Shana produces the bottle of Jack and tips some into my drink. I don't even bother protesting.

“Just a little,” I mutter. Shana lifts an eyebrow.

“You okay?” she asks. I glance at Sam, then back to Shana.

“He won't even look at me,” I say. “I thought you said he wanted me to come tonight.”

Shana takes a swig of Jack. She swallows, making a face.

“He did,” she says, shoving the bottle back into her bag. “He told me to bring you. Just give him some time.”

“I've been in rehab for two and a half months,” I say. I can't help the bitterness that creeps into my voice. “How much time does he need?”

“A couple hours?” Shana leans toward me and tucks a strand of hair behind my ear. “He's seeing you again for the first time in months. He probably feels just as weird about it as you do.”

Hope flickers through my chest. “You think?”

“Casey Myrtle, you are hot and amazing and every guy in this room is probably already in love with you.” Shana hiccups and raises a hand to her mouth, giggling. “If stupid Sam can't see that, you're too good for him.”

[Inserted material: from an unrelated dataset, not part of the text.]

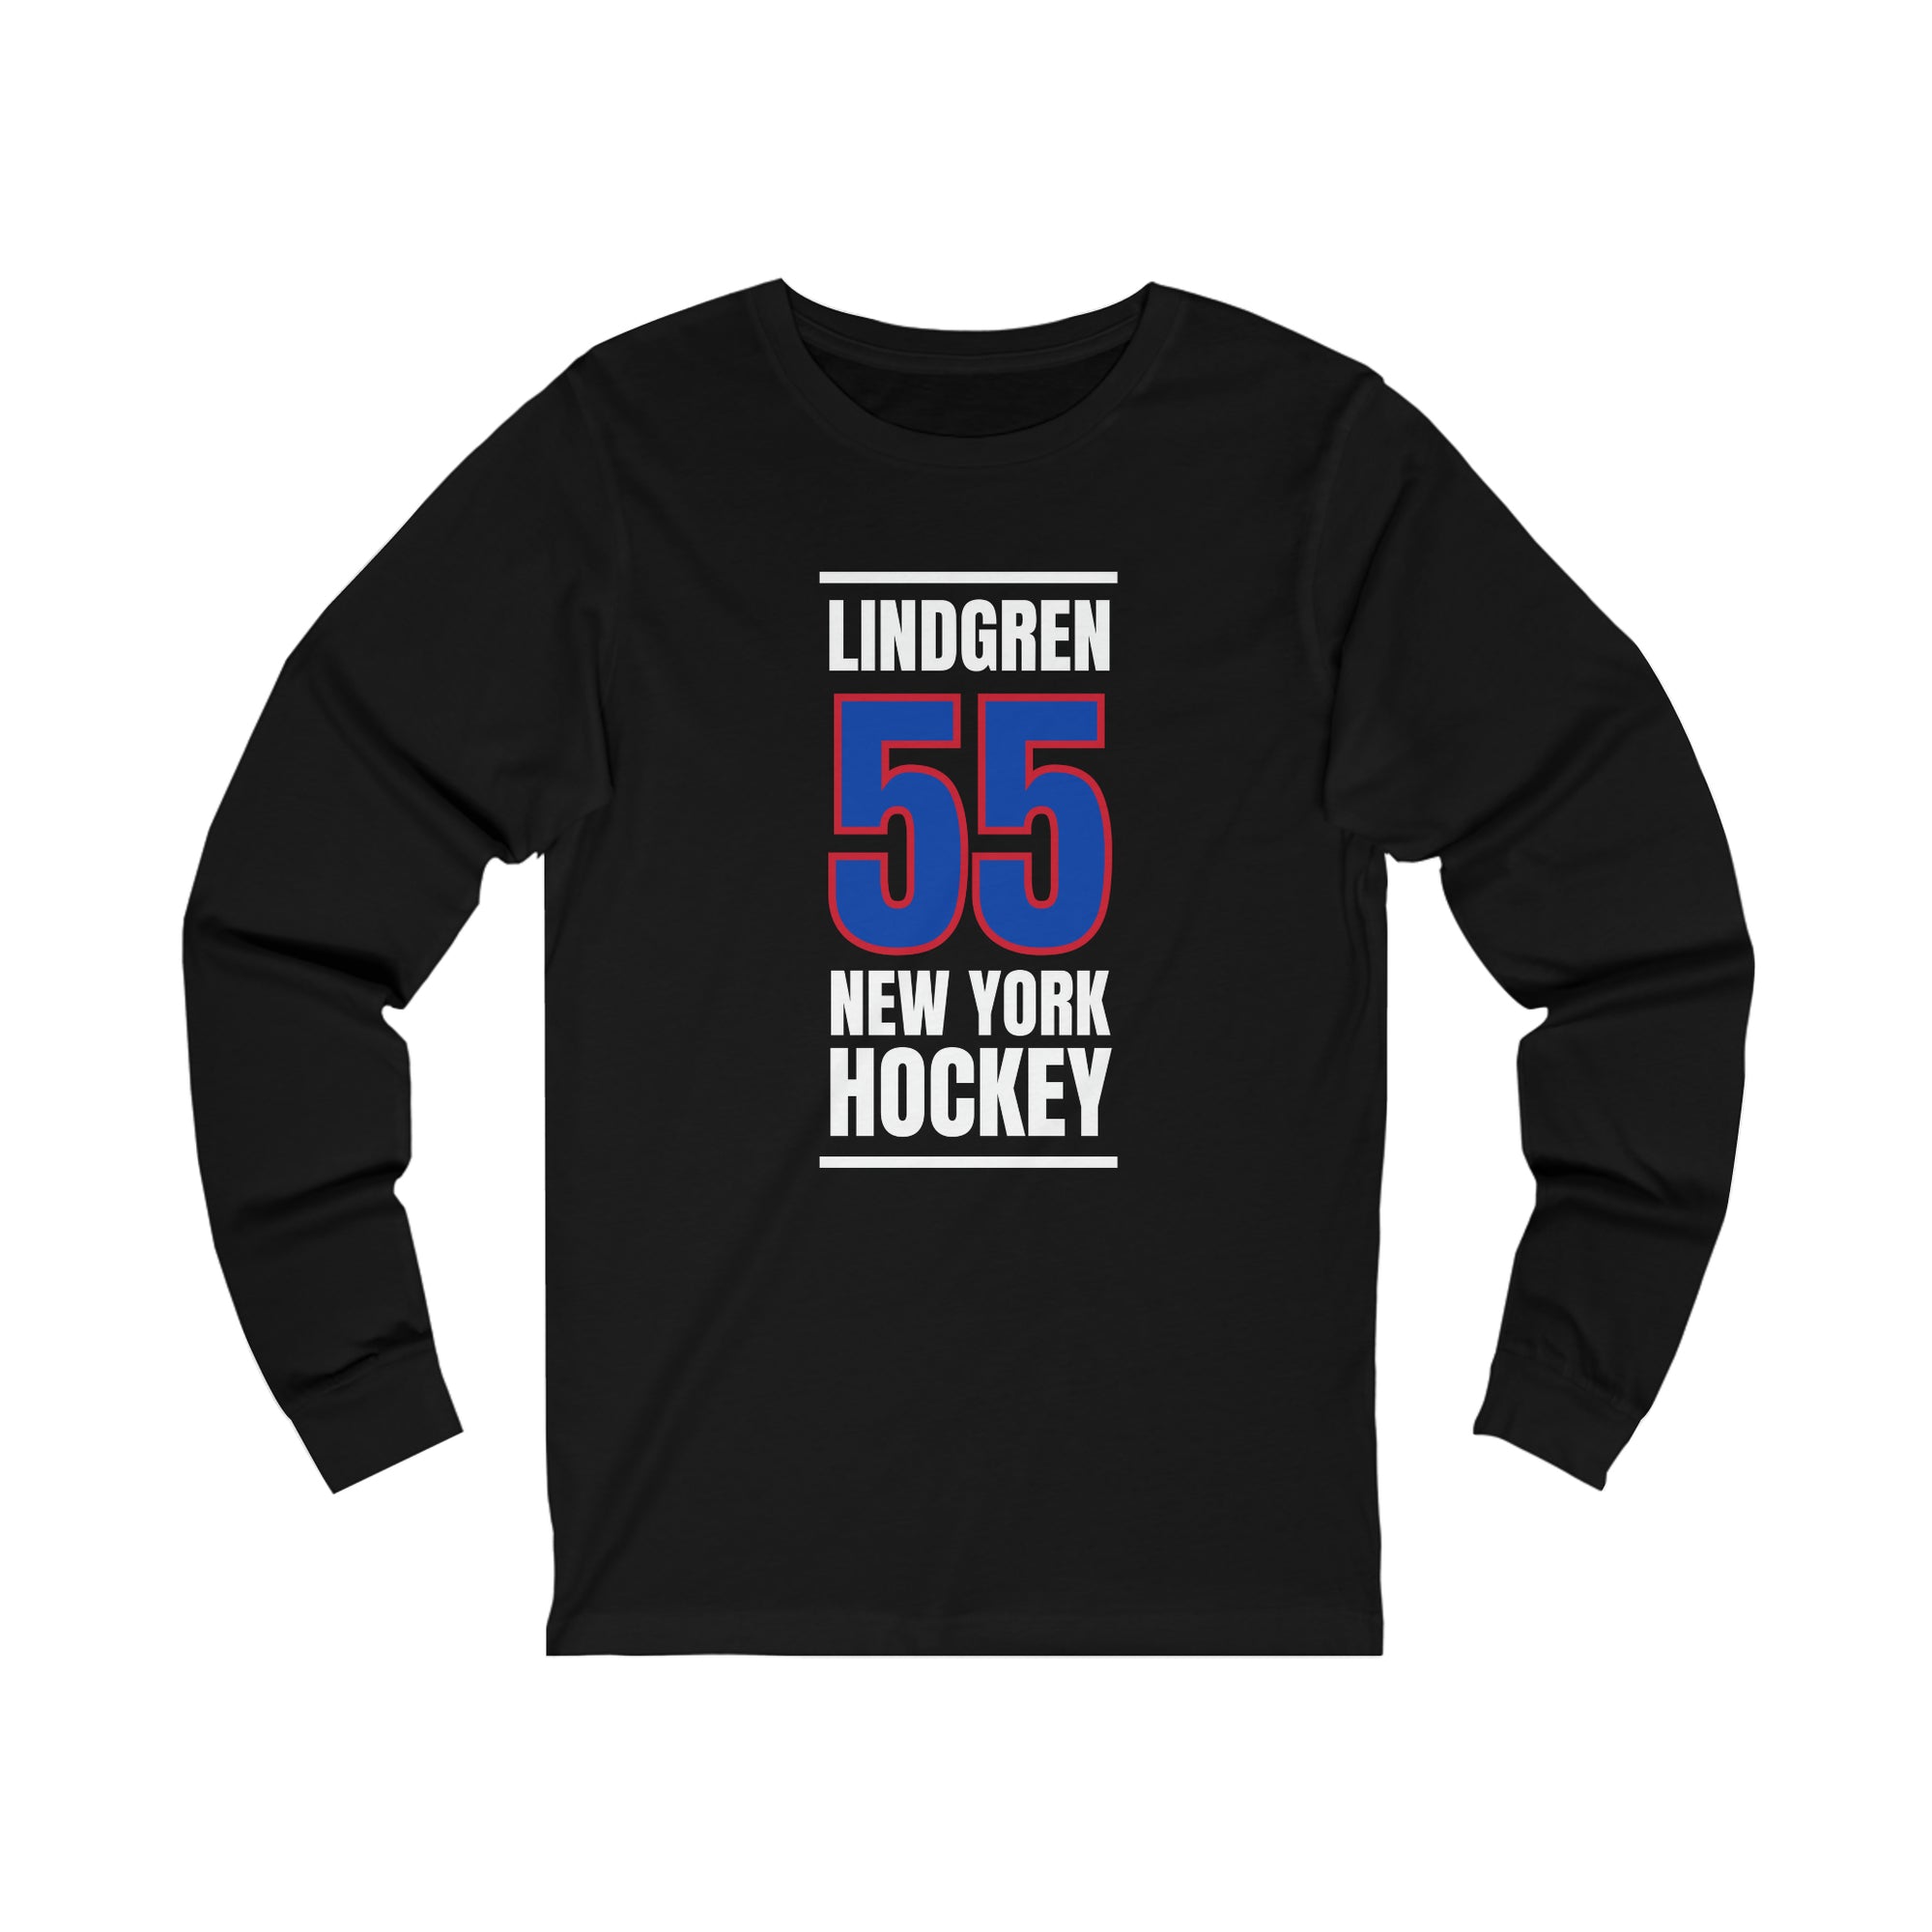 Lindgren 55 New York Rangers Unisex Hooded Sweatshirt - New York
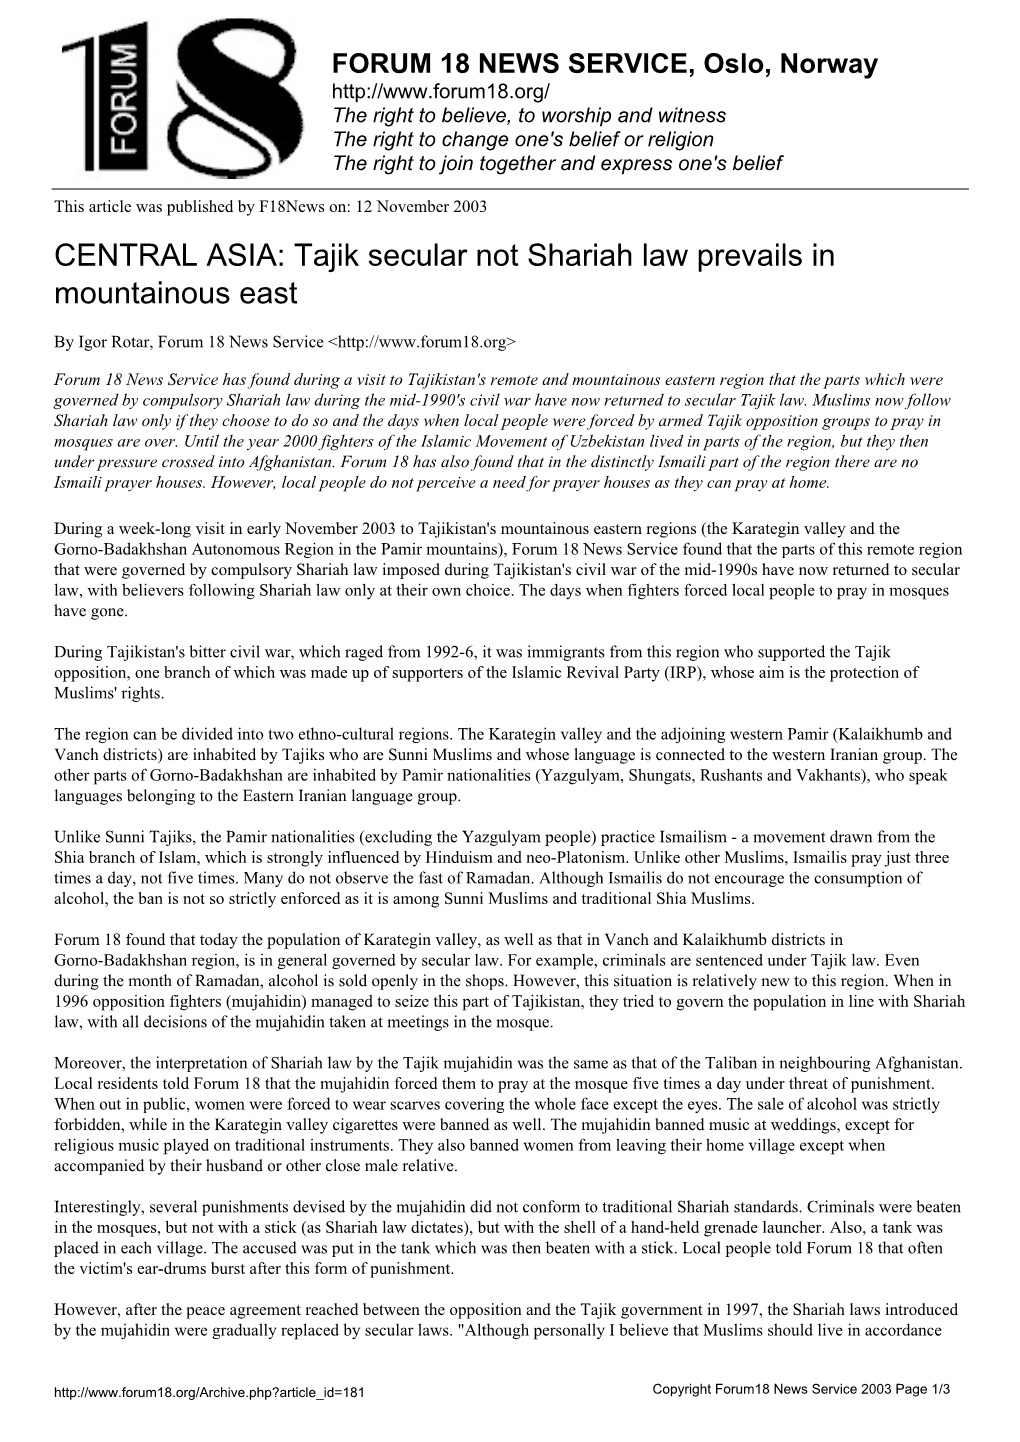 Tajik Secular Not Shariah Law Prevails in Mountainous East

I roll my lower lip between my teeth.
Or he's too good for me
, I think. Before I can say another word, Aya and Julie push through the crowd to join us.


And
she didn't even get us a soda,” Julie says, scowling at Shana. She already looks disheveled. Sweat smudges the eyeliner Aya drew on her in the car, and her curls stick out in funny angles. Something drips from her black tank top.